The decision has drawn fire from local historical preservationists, who believe the paving over of the graveyard will "ruin" it, and from people who oppose parking lots in general. The latter group has suffered from an inability to choose a name to organize under, "anti- parkinglotians" being too much of a mouthful.

Most local residents, however, seemed pleased by the decision. "Histowy, shmystewy," one local said in the local dialect, "Thewe's histowy evewywhere. Show me one place in this city where histowy didn't happen! The weal question is, where am I gonna pawk my caw?" Other locals noted that the Granary residents had managed a real bargain, buying prime land at 1600's prices, and claimed that they had already had "their day in the grass". "John Hancock was a cool guy and all, but he also decomposed into some of the most expensive dirt in America," a Harvard economist noted, "so when's the last time he paid property taxes on that?"

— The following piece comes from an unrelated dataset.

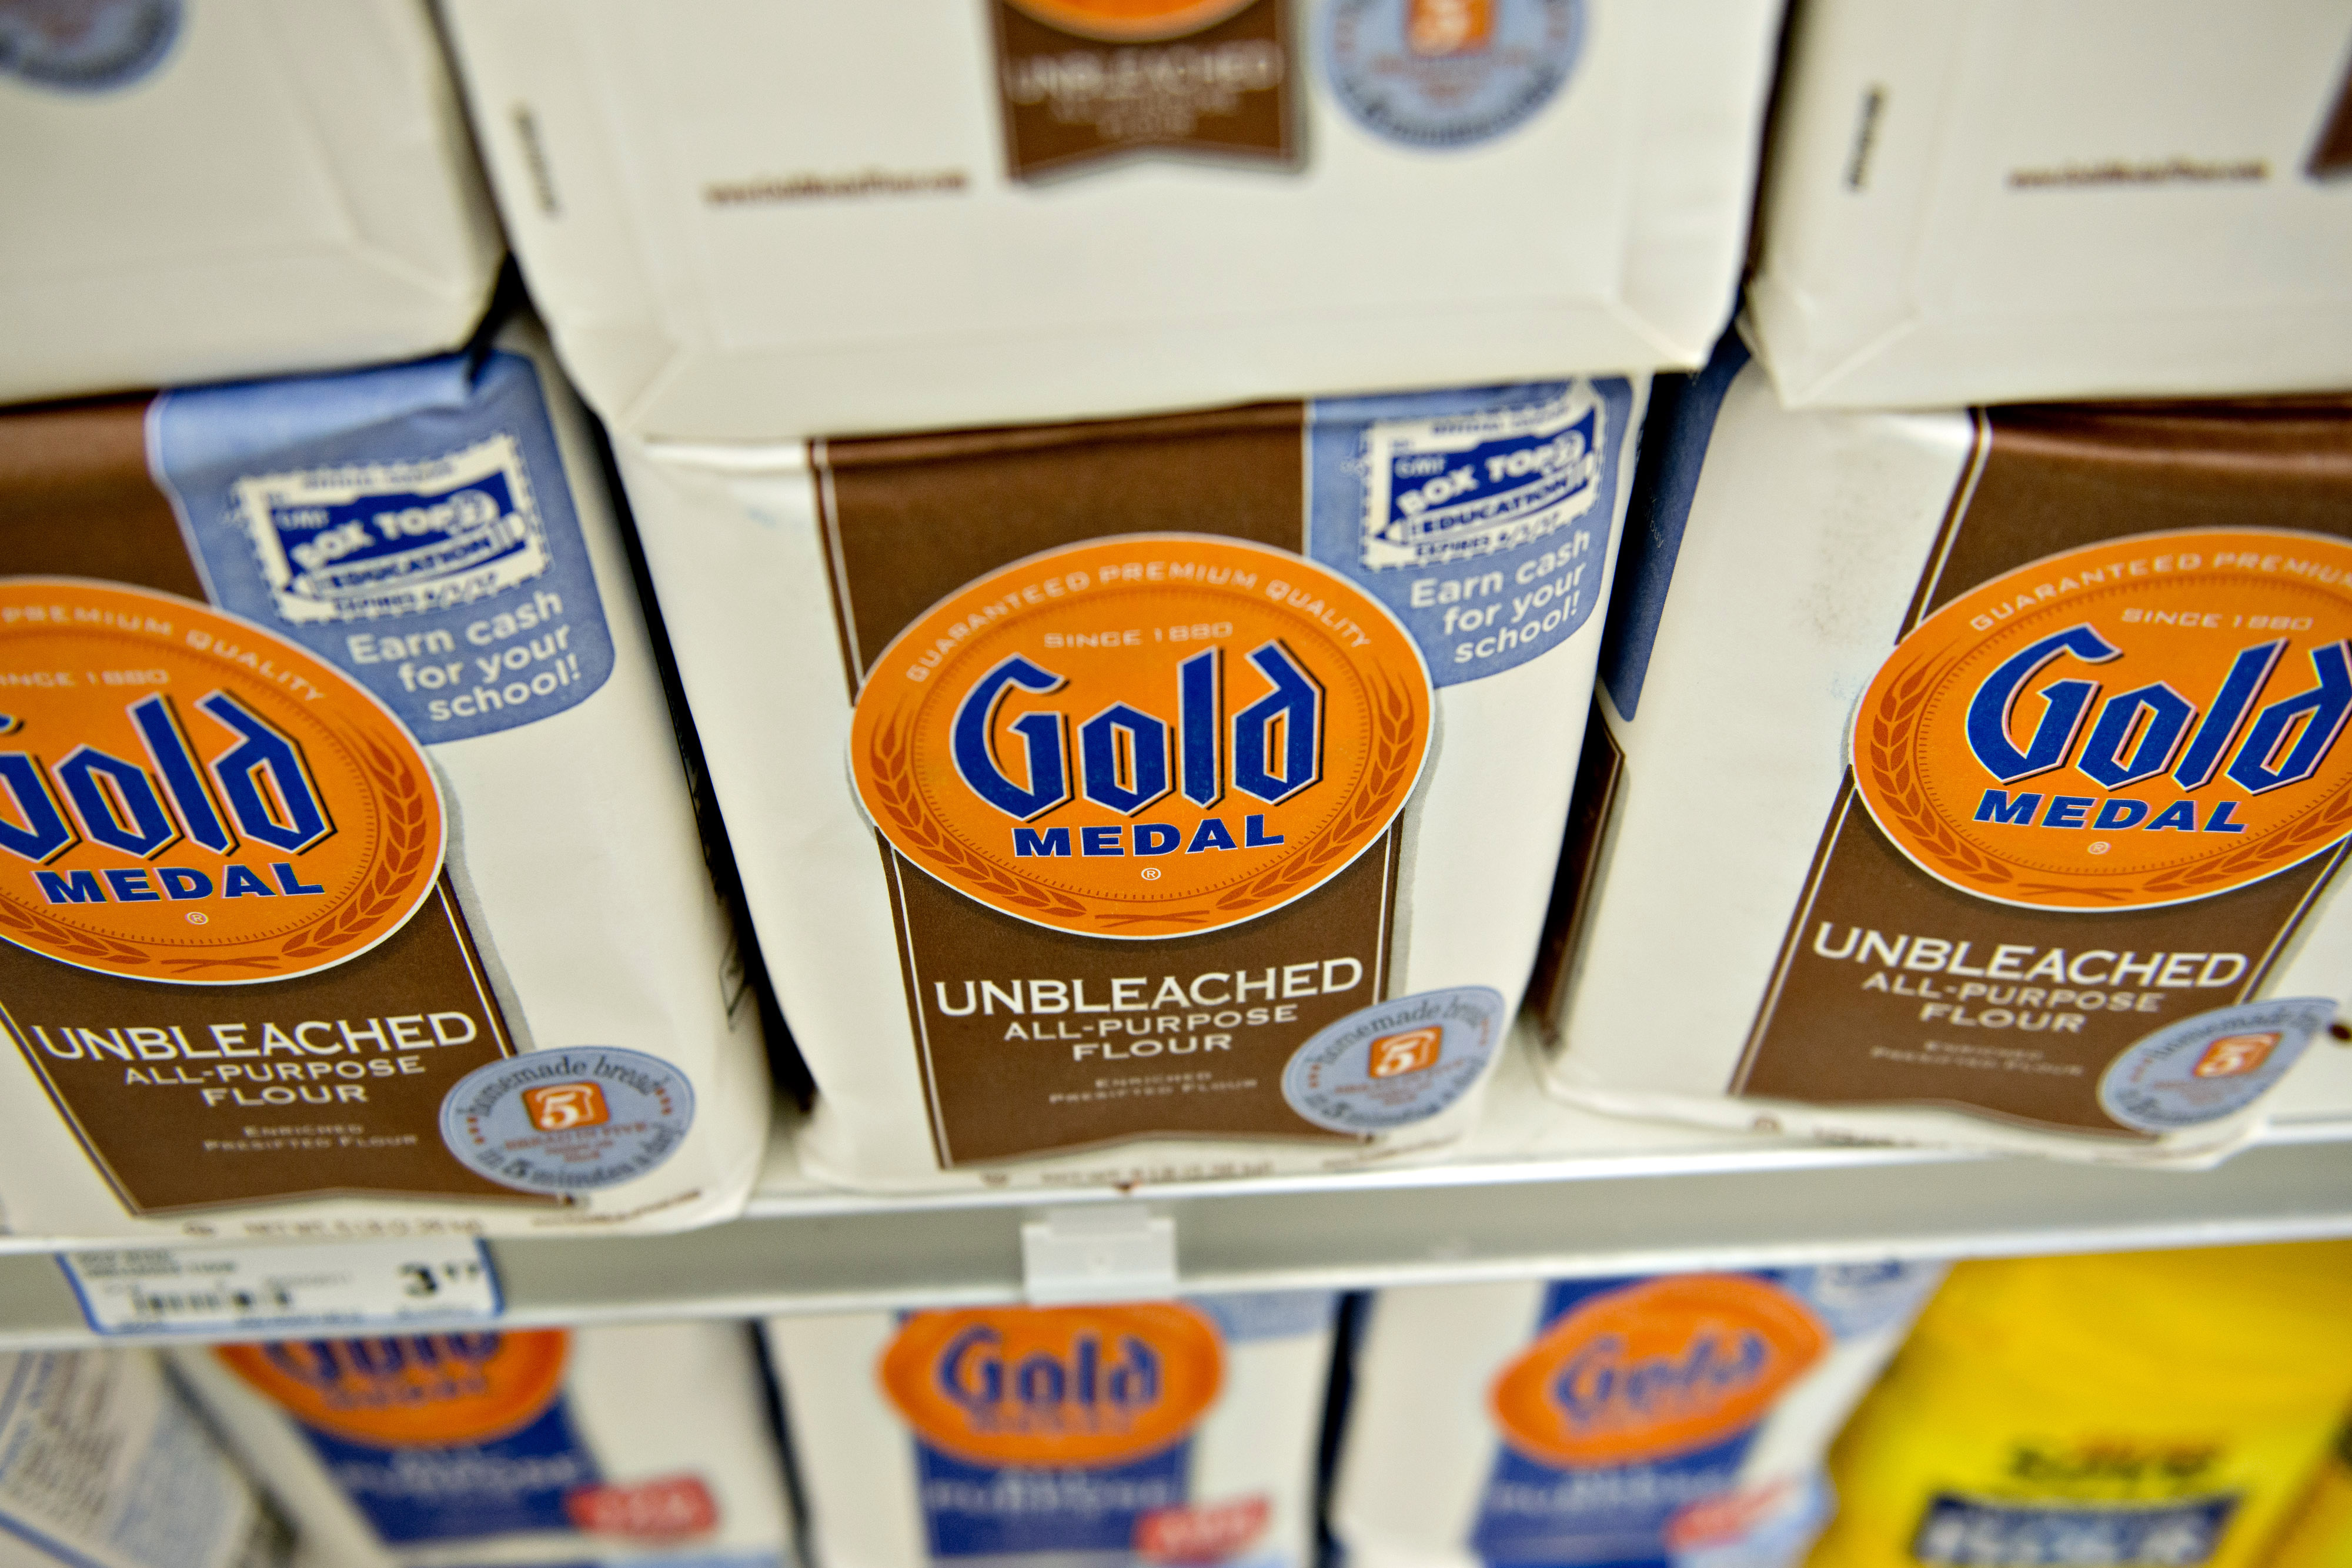 General Mills Inc. Gold Medal flour in Princeton, Ill. on Sept. 17, 2013. (Daniel Acker—Getty Images)

Like most public corporations, the Park Service has been under pressure lately to increase profits, cut costs, and eliminate underperforming units. Former oil magnate and current president George Bush has adopted the policy "Turn a profit or turn into a parking lot" with regard to land administered by the service. Some have speculated that his lack of regard for public land stems from his long tenure in Texas, where most of the land is worthless anyway.

"Sure, we could charge, say, $5 a head to see the cemetery," the Parking Service spokeswoman noted, "but we can charge them $40 an hour to park on it!"

The automotive association AAA, which supports the move, has ranked Boston as the 4th worst place in the world to park a car. Parking in Boston was considered better than parking on the vent of Old Faithful, a melting iceberg, or a monster truck rally, but worse than Baghdad, Iraq, where parked cars are routinely blown up by insurgents who want the parking spaces for themselves.

If the Granary Cemetery lot proves successful, other Boston sites that may be turned into parking lots include the Old North Church, the state legislature building, and Fenway Park.